The company’s other co-founder agreed to pay nearly $8 million to settle separate charges against him.  Three others also are charged in the case.

The agency alleged that Ryan Gilbertson hatched and orchestrated the elaborate scheme to secretly siphon millions of dollars from Dakota Plains Holdings, which operates an oil-shipping rail facility in North Dakota.

According to the SEC, Gilbertson and co-founder Michael Reger installed their fathers as figurehead executives so they could secretly wield control of the company and issue millions of shares of stock to themselves, family, and friends.

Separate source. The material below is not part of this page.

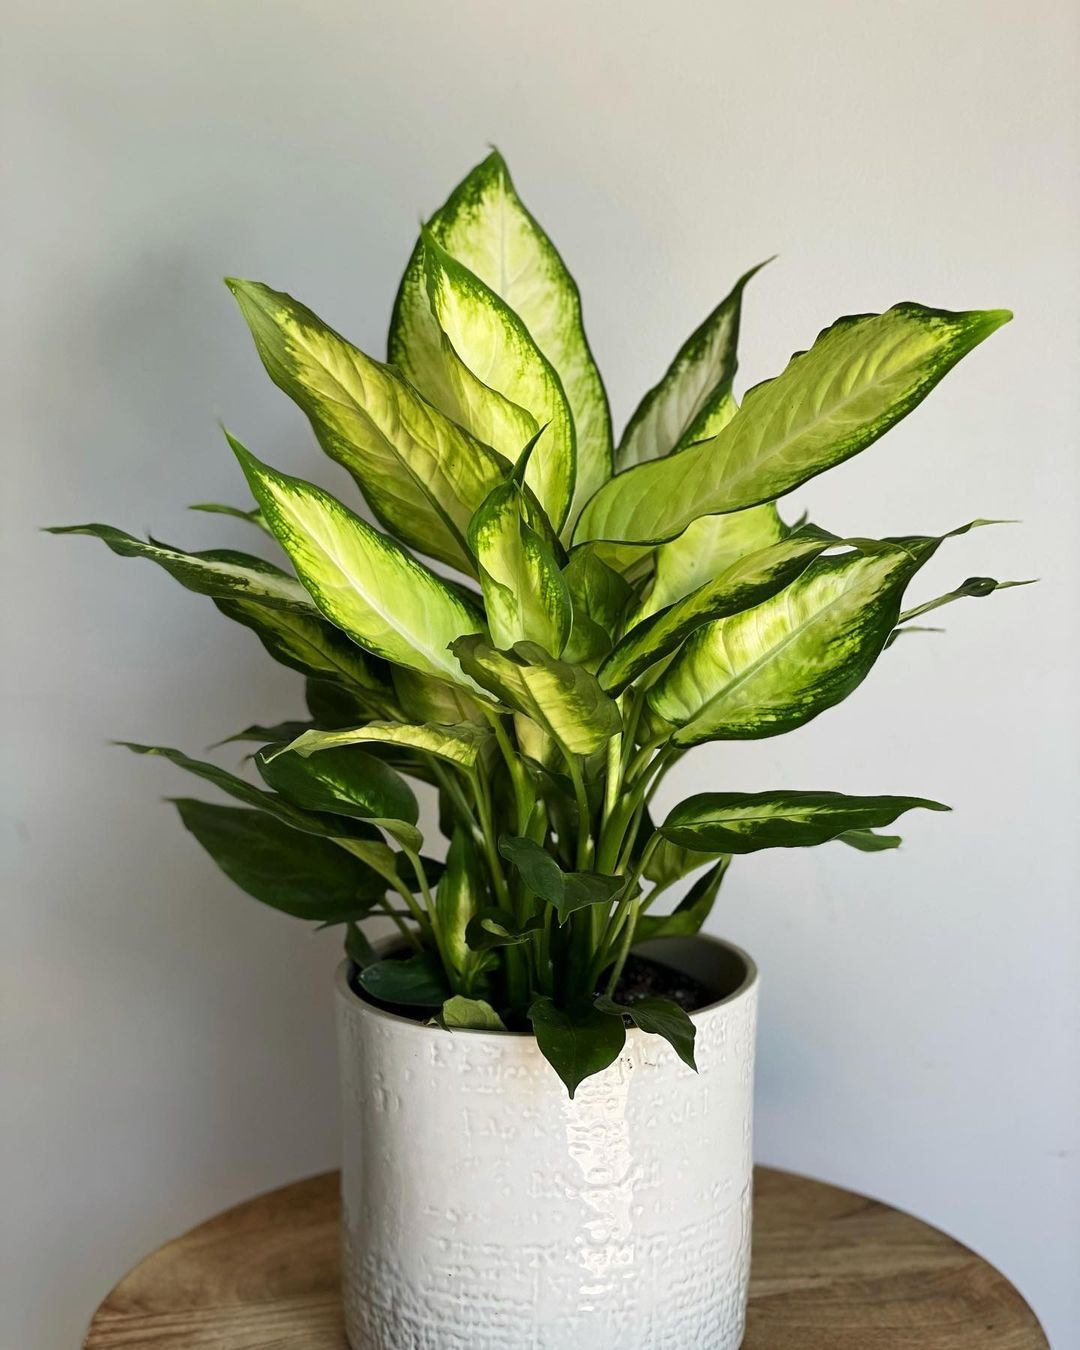 A white pot with a green Dieffenbachia plant.

They later hired one of their friends as CEO. Then they allegedly caused the company to enter into an agreement to borrow money from them under generous terms that included extra bonus payments to Gilbertson, Reger, and other lenders based on the price of Dakota Plains stock after 20 days of trading following a reverse merger into a company with publicly-traded shares.

Next, Gilbertson enlisted friends and associates including Douglas Hoskins and Thomas Howells to choreograph extensive sales and purchases of Dakota Plains stock and cause the price to skyrocket from 30 cents to more than $11 per share during that 20-day period.

The inflated stock price obligated Dakota Plains to make bonus payments totaling $32 million to Gilbertson, Reger, and others. Finally after meeting his target to receive the bonus payments, Gilbertson ceased his alleged manipulation efforts. The stock price then steadily declined to pennies per share and was delisted a few months ago.

Hoskins and Howells are charged in the SEC’s complaint along with Gilbertson for allegedly participating in his stock manipulation activities.

Without admitting or denying the findings, Reger agreed to pay $6.5 million in disgorgement, $669,365.85 in interest, and a $750,000 penalty.